Andy named the bittersweet part honestly: some of the joy of the job was crafting something beautiful, and managing agents at scale isn't the same craft. But Francois argued the trade is a promotion, not a demotion: “You are enabling the entire company to thrive inside. So I think it's much more rewarding,” he says.

The skills that make a great analyst—curiosity, domain knowledge, a healthy skepticism about a number that looks off—are exactly the skills that make a great agent manager.

Are dashboards still relevant now that AI can answer questions directly?

Andy raised the obvious risk: if anyone who can write a prompt can build a dashboard, do we just recreate "Excel hell" and "dashboard hell" all over again—an AI dashboard hell? 

Francois's answer was governance by design. Because generated output is grounded in the semantic layer, what you create is validated before it exists, rather than a free-floating result you can't trace.

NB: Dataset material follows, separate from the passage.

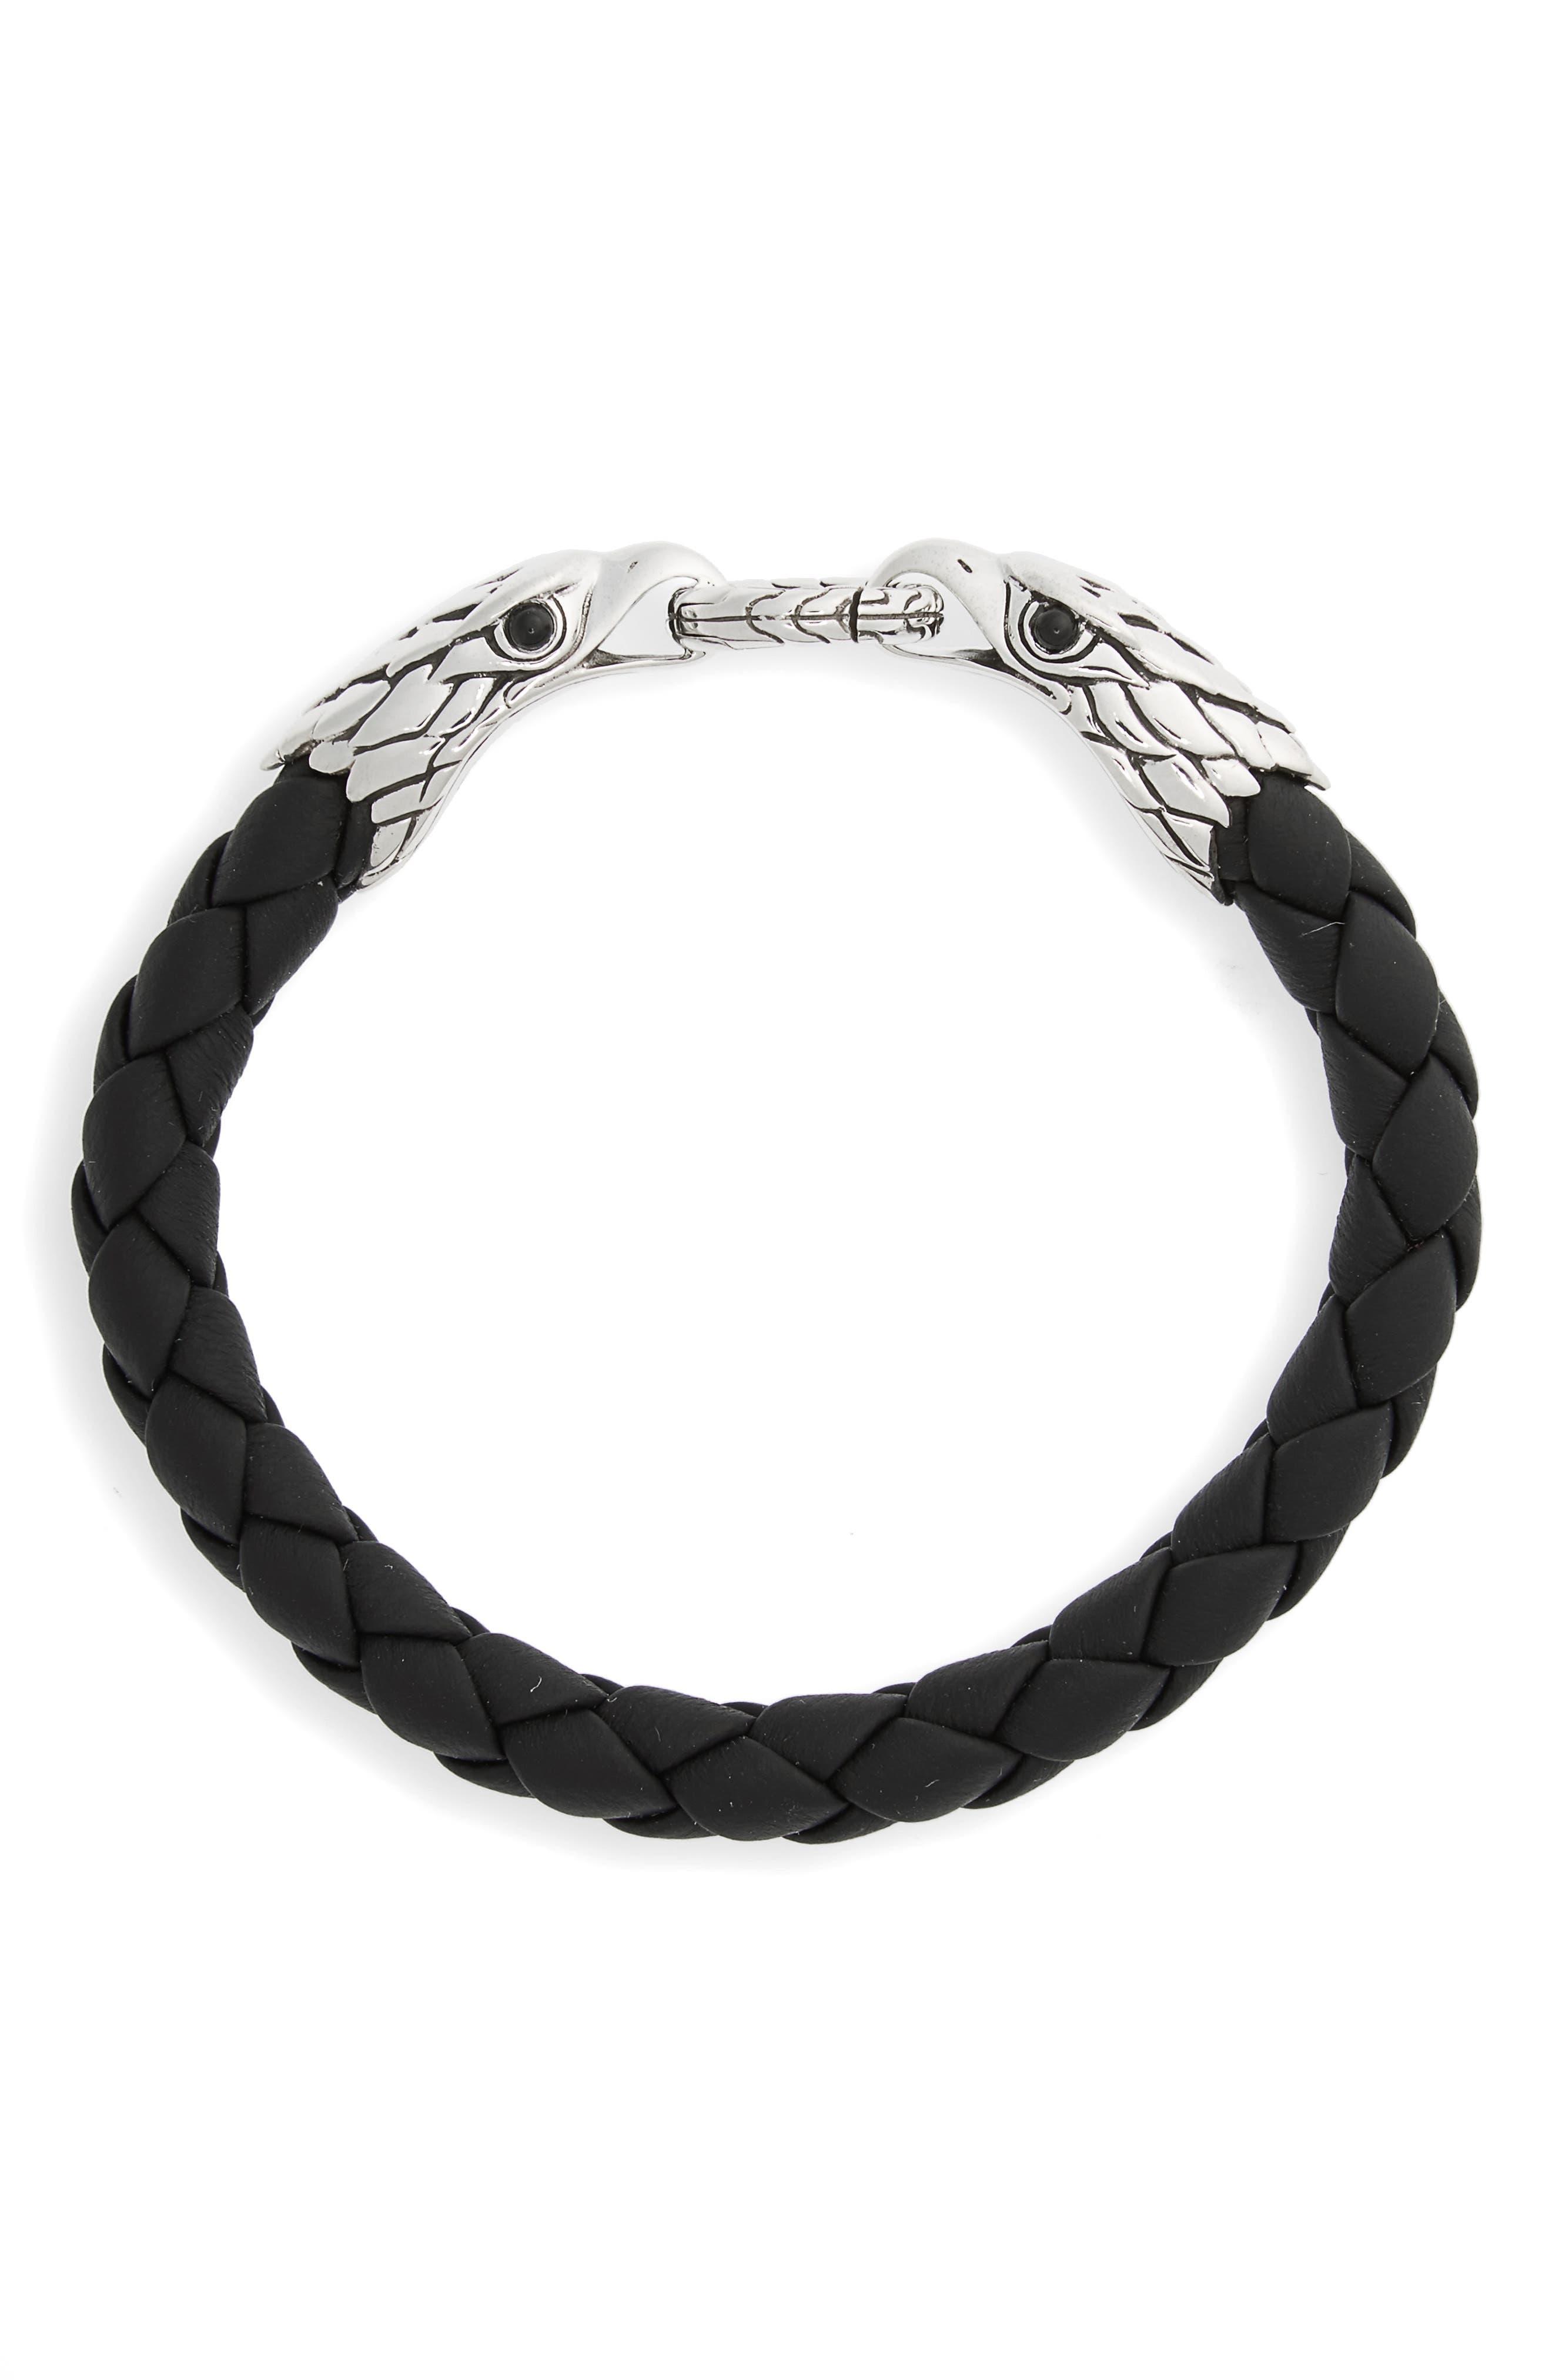 Legends Eagle Double Head Bracelet,                             Main thumbnail 1, color,                             Silver/ Black

Across ThoughtSpot's usage, the split between dashboard consumption and conversational analytics sits at roughly 50/50. People still want a Monday-morning artifact they can glance at. 

What's changing is the form factor - now the standard is dashboards that are personalized and dynamic, shaped by your role and your recent questions, rather than static reports everyone shares.

Where is AI analytics heading next?

The throughline across all of it is the same: AI analytics is only as trustworthy as the architecture and governance behind it. 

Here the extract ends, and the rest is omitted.